Но проходили и проходили годы, а Зумруд оставалась полой, словно барабан, и ничто в ней не задерживалось, не приживалось семя, и всем было ясно, что уже, наверное, не приживётся, и не расцветёт в лоне у Зумруд прекрасный цветок. В конце концов они с мужем примирились с тем, что Гриша будет единственным, и холили его, лелеяли и настраивали на то, что теперь он – гордость и надежда семьи. Гриша со своей ролью свыкся и помогал родителям, как мог, и старался их лишний раз не огорчать. Он вырос хорошим парнем, статным и умным, хоть и не был никогда красавцем и особыми талантами не обладал, но для того, чтобы взять на себя заботу о родителях, его способностей хватало с лихвой.
Двадцать лет молилась Зумруд о ребёнке – в последние годы скорее по привычке, не веря уже в то, что забеременеет. Уже несколько лет они с Захаром спали в разных комнатах, и муж посещал их супружеское ложе лишь тогда, когда в доме бывали гости, а в остальное время спал в комнатке для гостей, примыкающей к большому залу. Но Зумруд продолжала молиться уже не за себя, а за Гришу, потому что надеялась на то, что он удачно женится на сильной, крепкой, здоровой девушке и та родит ей, Зумруд, долгожданных внуков и внучек. Она очень хотела снова услышать детский смех.
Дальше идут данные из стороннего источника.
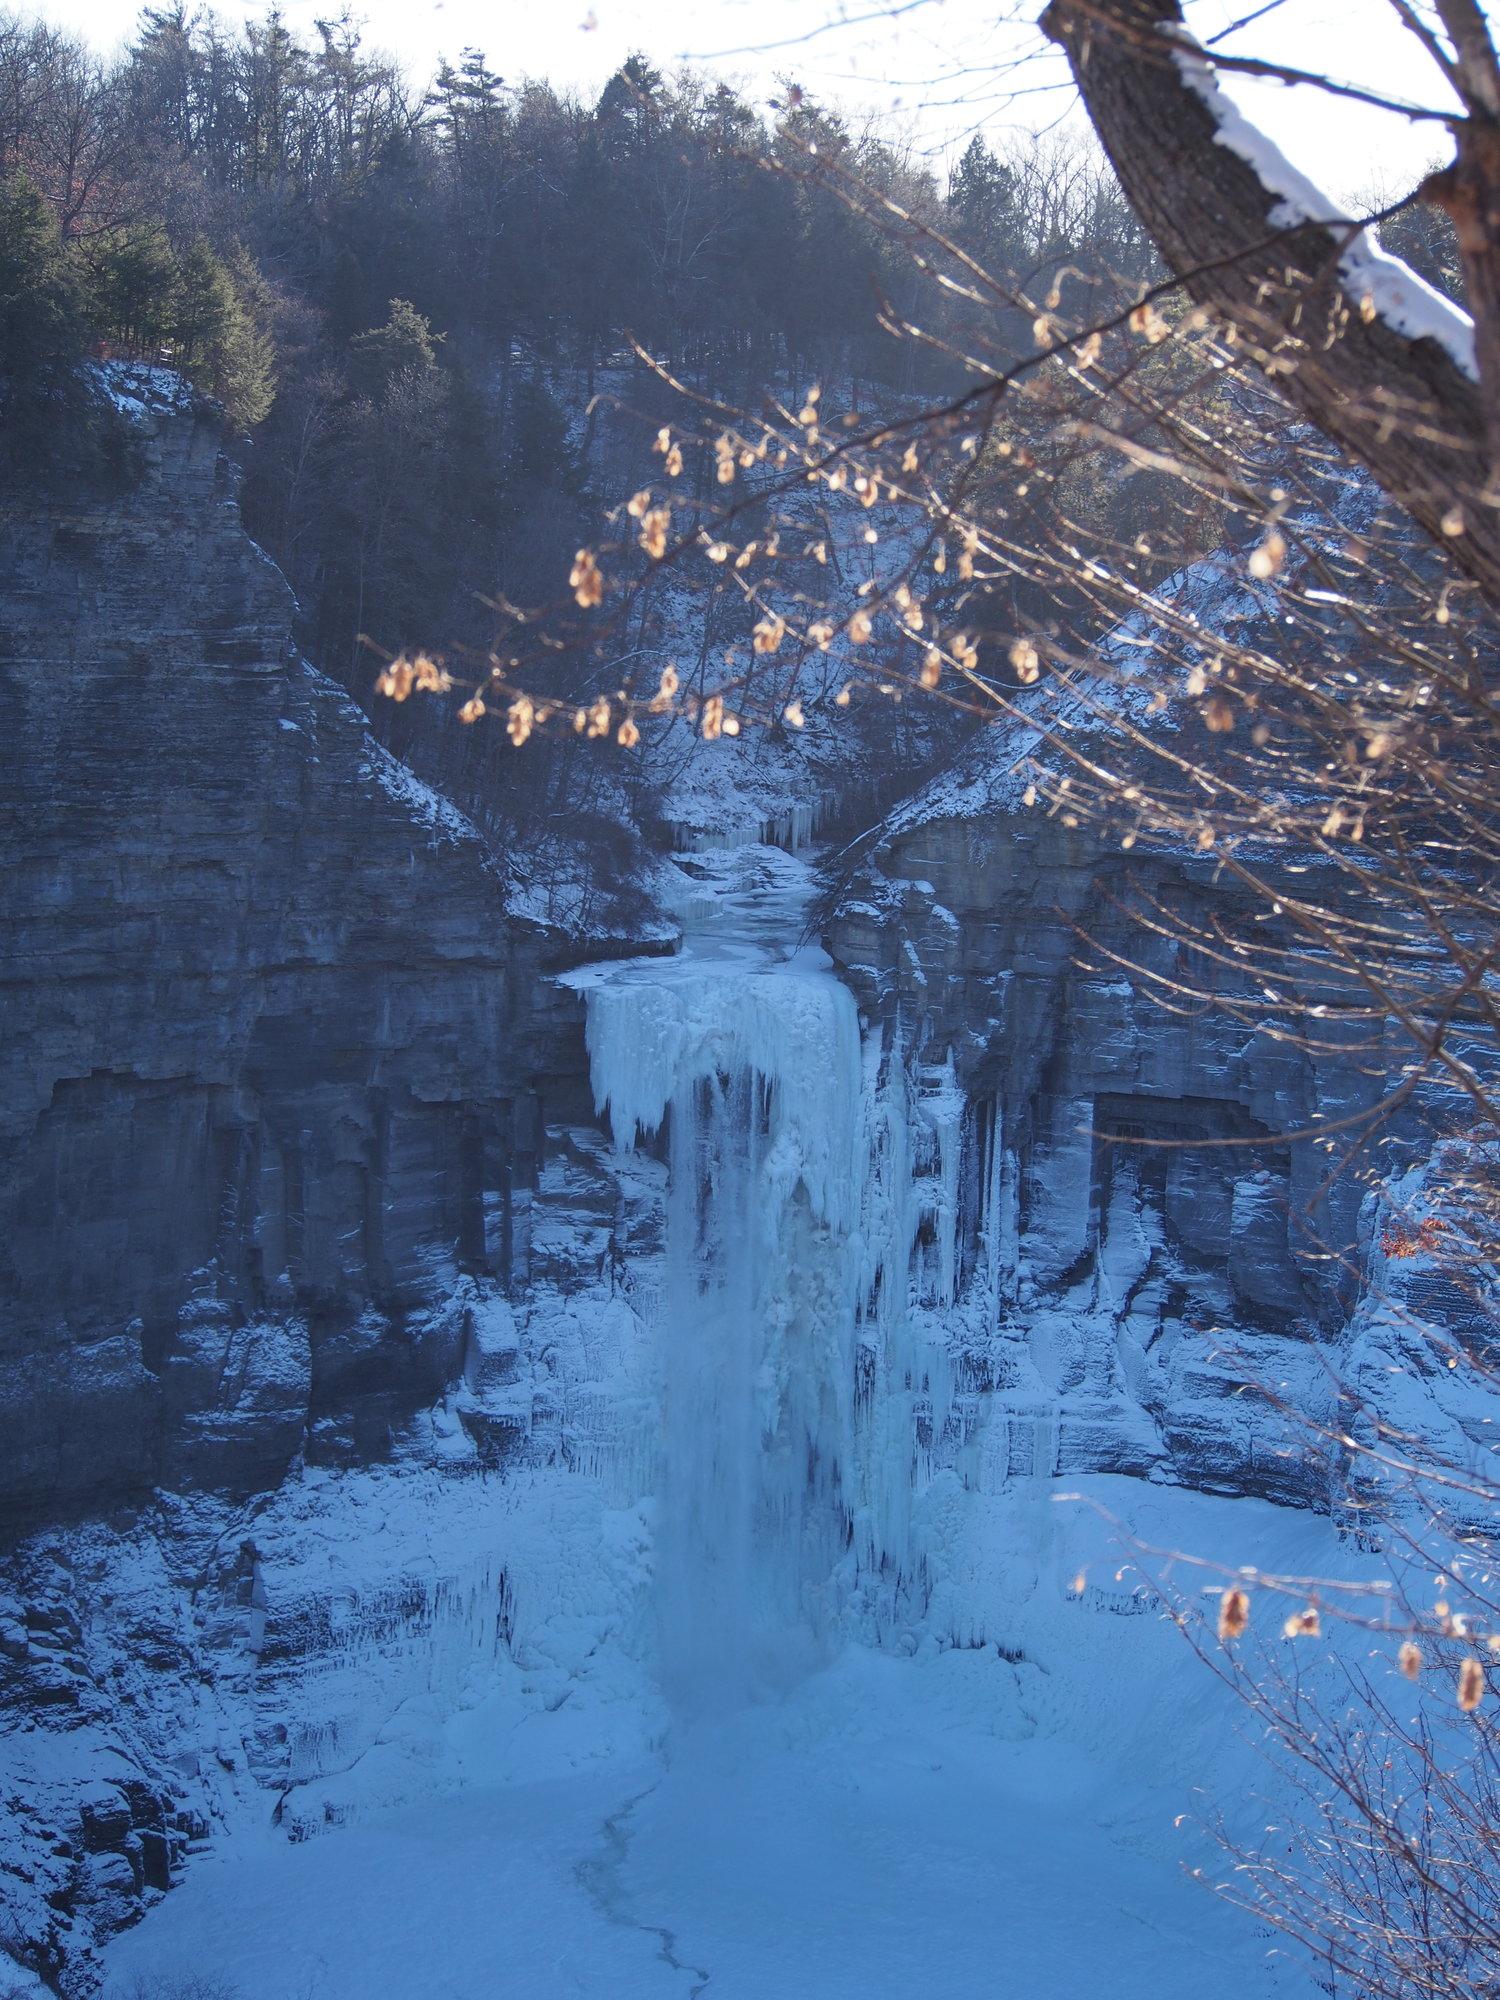 Air terjun Taughannock di Ithaca bisa sampai beku saking dinginnya, padahal tingginya lebih tinggi dari Niagara Falls
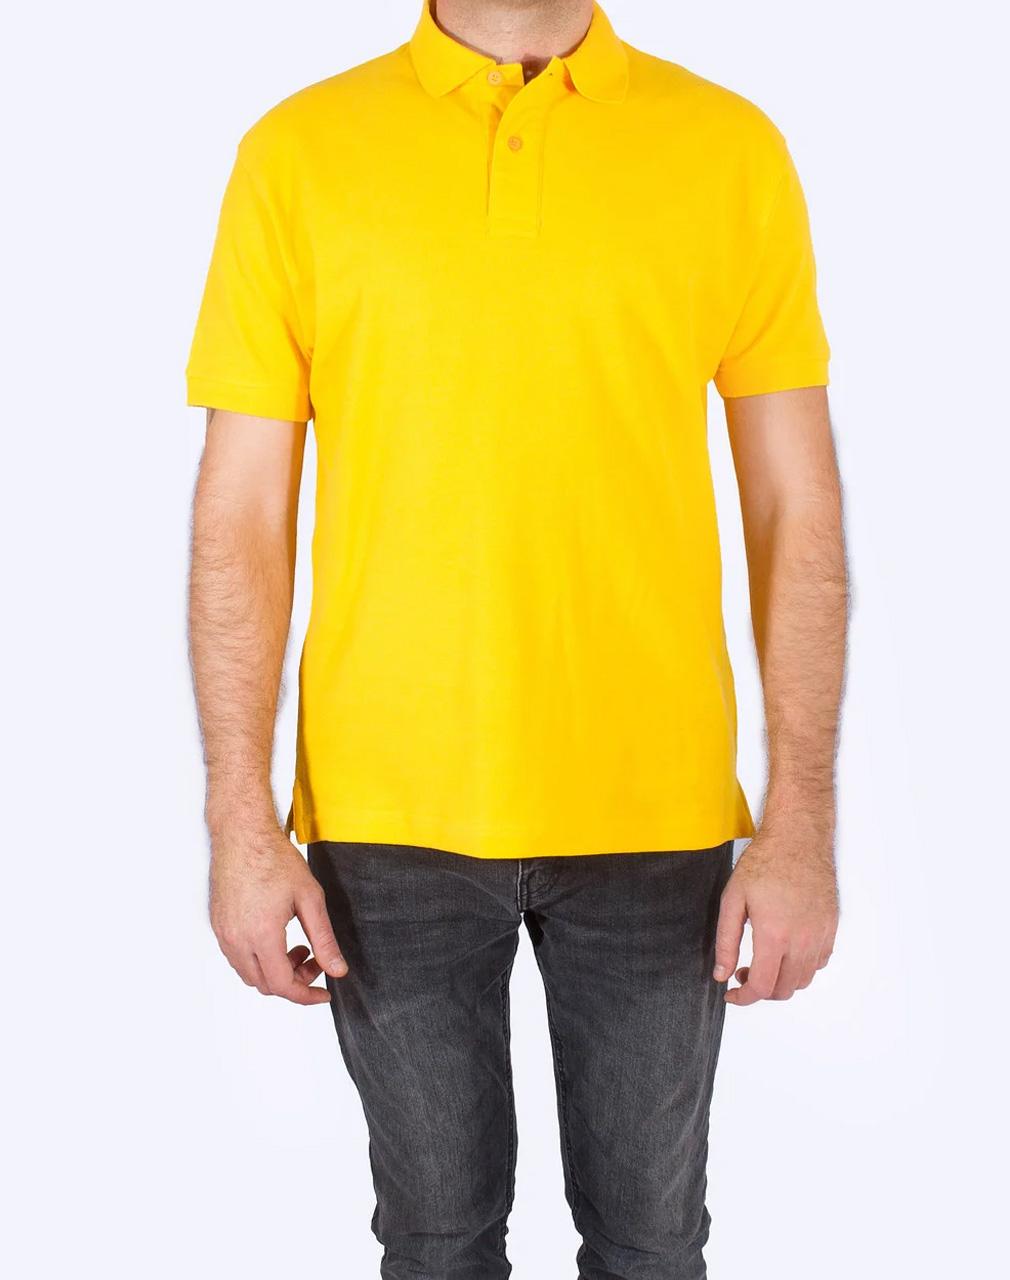 желтая мужская футболка из текстиля

Когда из Москвы приехала Мина и привезла с собой первого внука, трехлетнего крепыша, Зумруд не завидовала, а пыталась вообразить, что и у неё скоро будет такой же, надо лишь побыстрее женить Гришу. Она не спускала с мальчика глаз и постоянно носила его на руках, хоть он и вырывался на волю. Когда через четыре месяца выяснилось, что у Зумруд будет ребёнок, все были ошарашены. Все, включая Зумруд. Отсутствие месячных и плохое настроение она списывала на умирание её женскости, которое, как она знала, сопровождается перепадами температуры и прибавкой в весе. Она не очень расстраивалась, скорее наоборот, была рада, что закончатся мучения и тревоги и появится наконец определённость. Но постоянная тошнота и затвердевший живот заставили её всё же поехать к своей акушерке, которой хватило одного взгляда на неё, чтобы спросить:
– Ну и шо ты так долхо не изжала, мамка? Не осьмнадцать небось.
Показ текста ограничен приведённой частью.